Pada bagian ini, kita akan memakai contoh yang dekat dengan Java production system:

Case Command Processor
- menerima command ResolveCase
- harus idempotent
- memakai case status dan version
- menulis outbox event
- command bisa dikirim ulang
- dua worker bisa memproses case yang sama
- publisher bisa menerbitkan outbox event belakangan

Kita tidak akan mencoba memodelkan HTTP, JSON, JDBC, atau Kafka secara penuh. Kita akan memodelkan behavior correctness-nya.


1. TLA+ Mental Model

TLA+ melihat sistem sebagai sequence of states.
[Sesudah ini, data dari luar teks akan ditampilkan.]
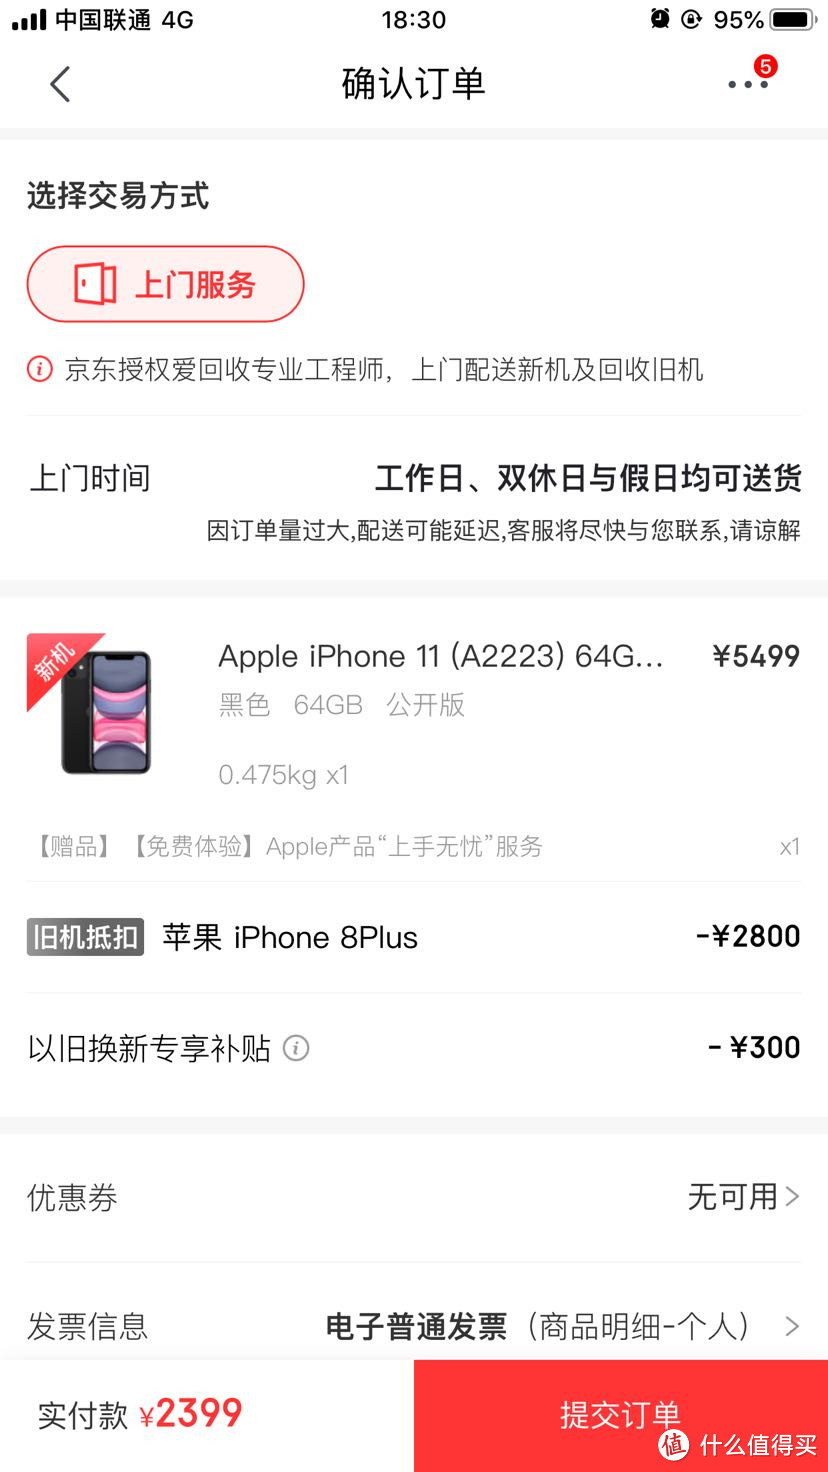 iPhone 8 plus 换 iPhone 11，不要998，只要*

state0 -> state1 -> state2 -> state3 -> ...

Setiap transition dari satu state ke state berikutnya disebabkan oleh action.

Spesifikasi biasanya punya elemen inti:

CONSTANTS  = nilai yang ditentukan oleh model checker
VARIABLES  = state sistem
Init       = kondisi state awal
Next       = semua action yang boleh mengubah state
Spec       = Init dan selalu Next
Invariant  = properti yang harus selalu benar
Liveness   = properti yang akhirnya harus terjadi

Skeleton:

---- MODULE Example ----
EXTENDS Naturals, FiniteSets, Sequences

CONSTANTS Cases, Commands

VARIABLES status, processed, outbox

vars == << status, processed, outbox >>

Init ==
  /\ status = [c \in Cases |-> "OPEN"]
  /\ processed = {}
  /\ outbox = << >>

Next ==
  \/ SomeAction
  \/ SomeOtherAction

Spec == Init /\ [][Next]_vars

Invariant == TRUE
====

Makna [][Next]_vars secara praktis:

Setelah Init, setiap langkah berikutnya harus mengikuti salah satu action di Next atau stuttering step yang tidak mengubah vars.

Stuttering penting karena TLA+ memodelkan behavior temporal, dan sistem boleh “tidak melakukan apa-apa” pada satu step.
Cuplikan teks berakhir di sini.